▶ [WORK ITEM]:
Your copy of the data below must be exact and must leave out all pictures.

▶ [SUPPLIED DATA]:
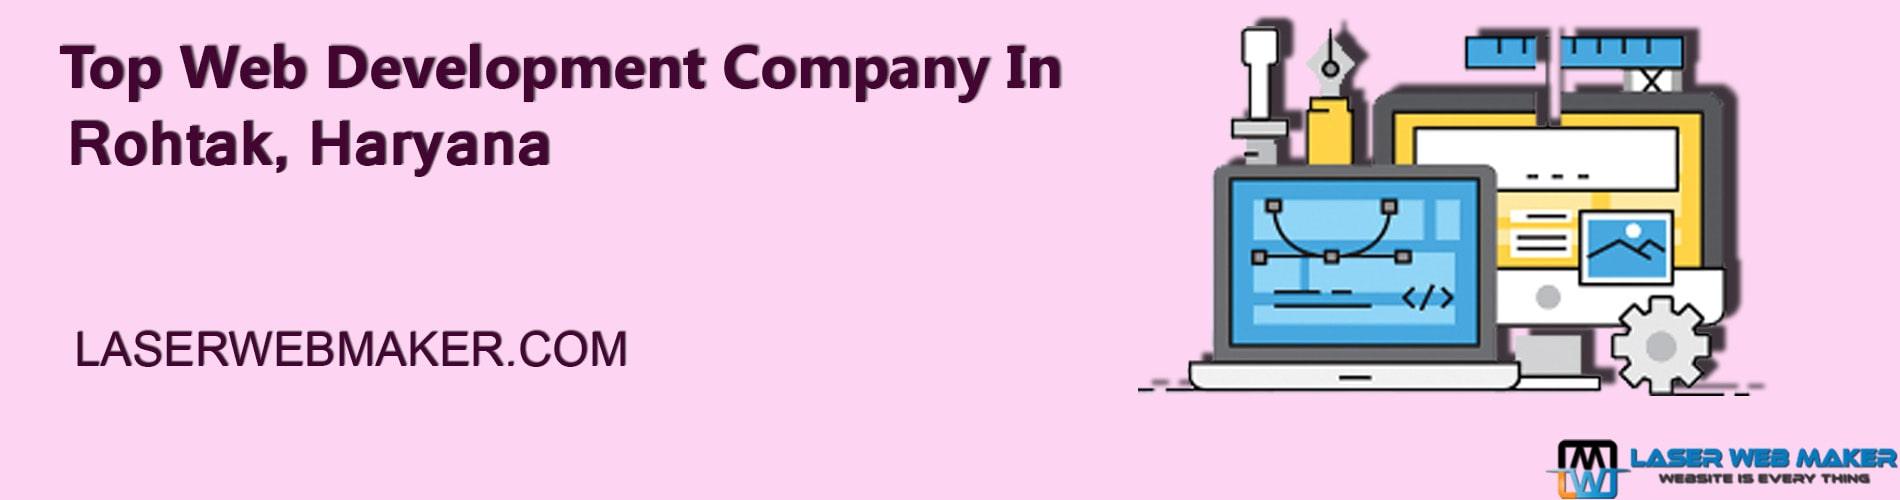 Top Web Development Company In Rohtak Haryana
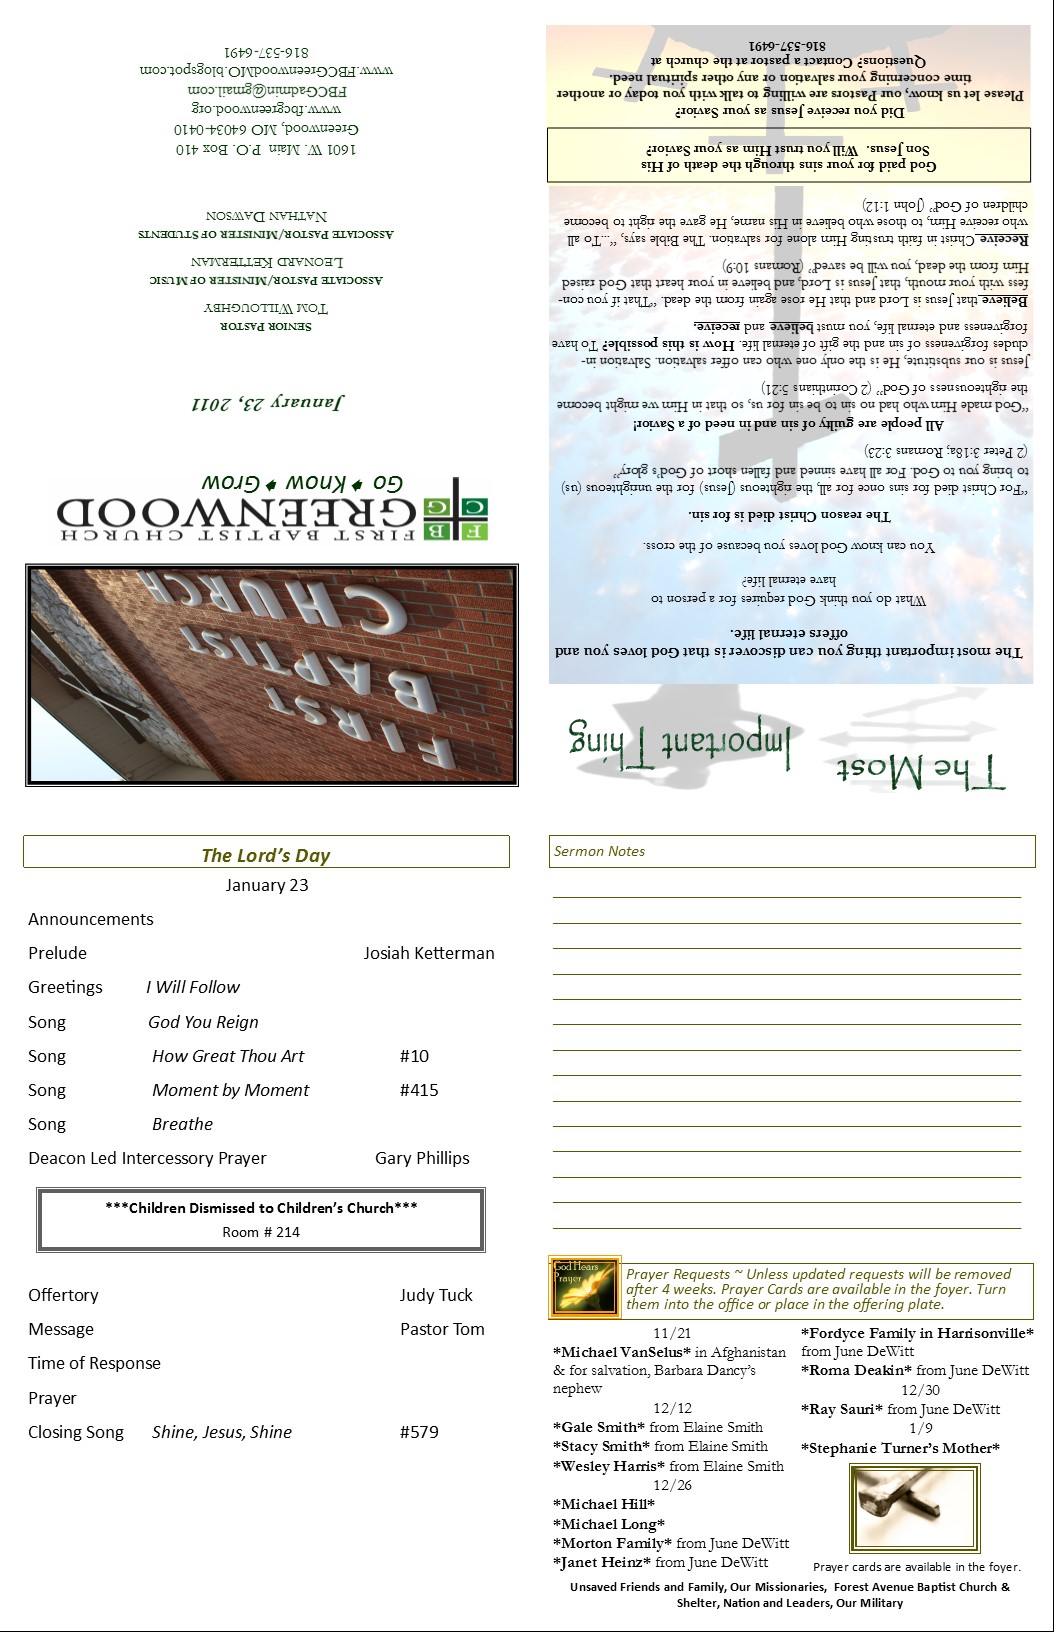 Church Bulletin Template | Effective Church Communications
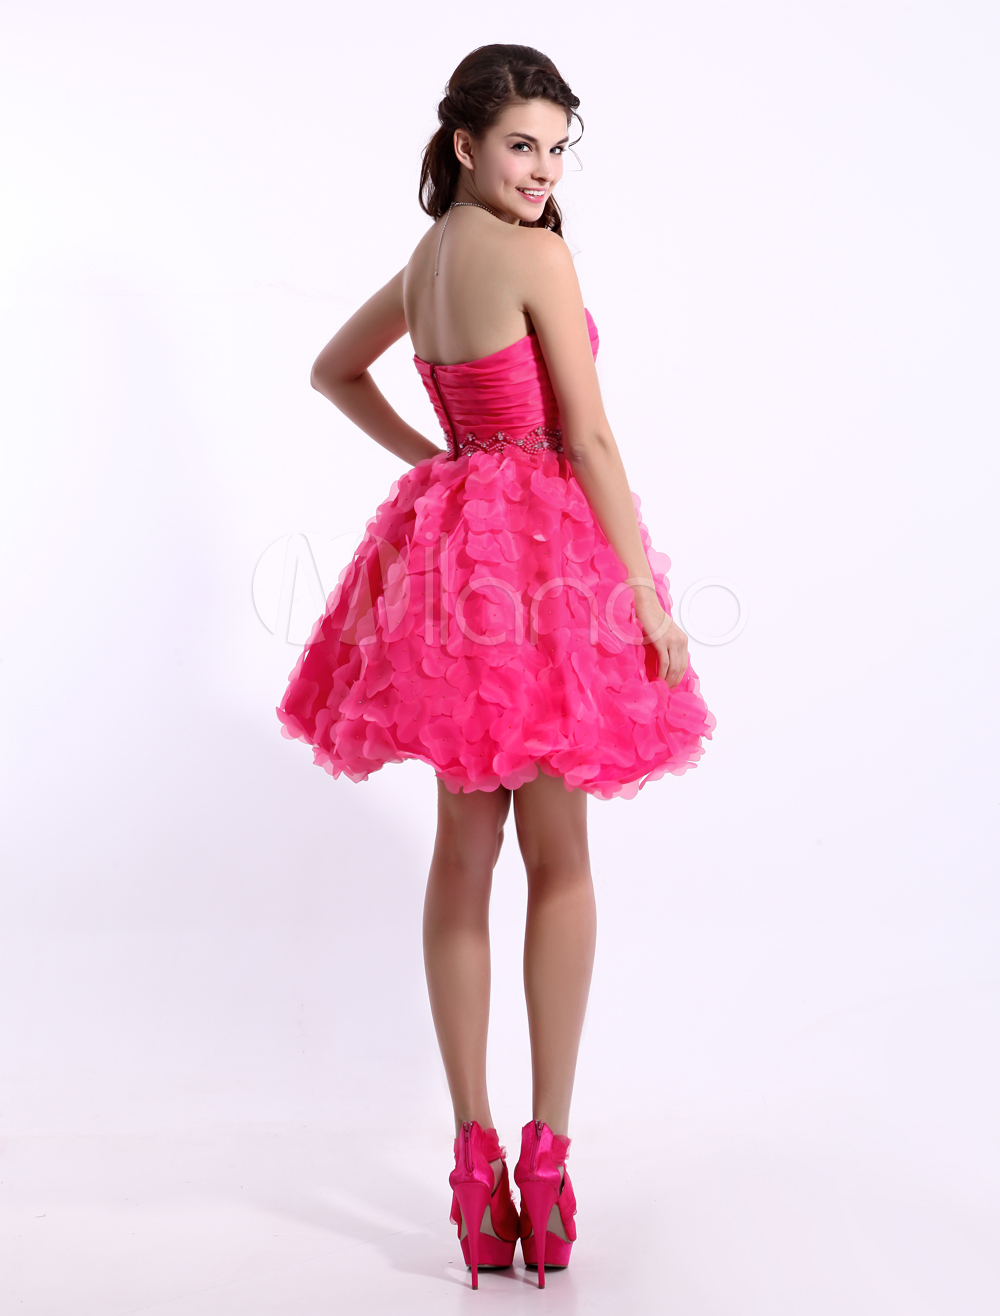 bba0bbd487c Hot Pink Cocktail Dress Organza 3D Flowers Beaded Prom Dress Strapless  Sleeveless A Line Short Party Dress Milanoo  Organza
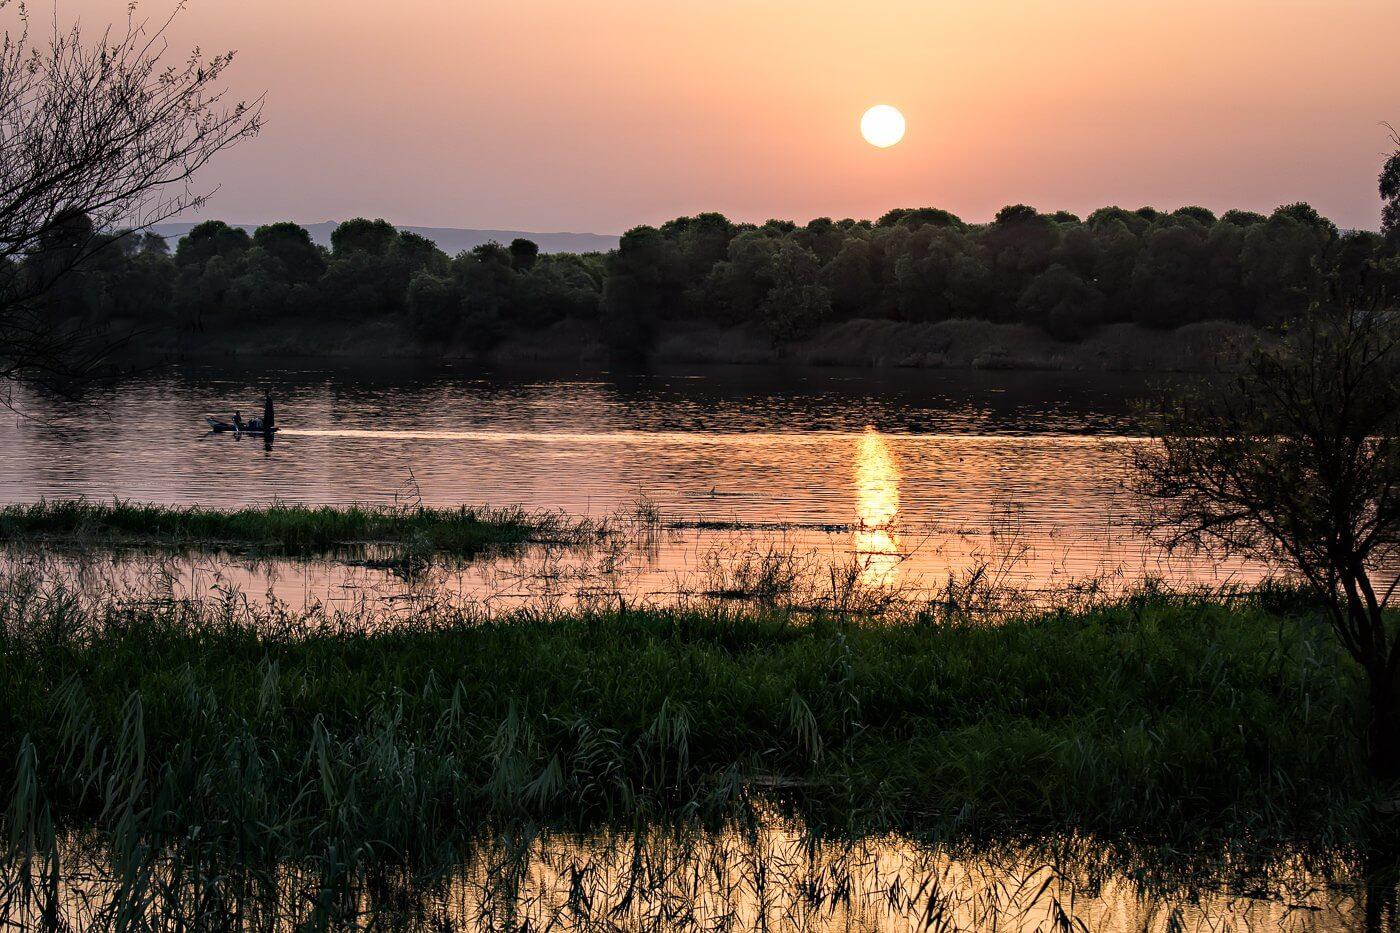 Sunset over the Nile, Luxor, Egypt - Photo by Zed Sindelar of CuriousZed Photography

▶ [SOLUTION BELOW]:
 Top Web Development Company In Rohtak Haryana
 Church Bulletin Template | Effective Church Communications
 bba0bbd487c Hot Pink Cocktail Dress Organza 3D Flowers Beaded Prom Dress Strapless  Sleeveless A Line Short Party Dress Milanoo  Organza
 Sunset over the Nile, Luxor, Egypt - Photo by Zed Sindelar of CuriousZed Photography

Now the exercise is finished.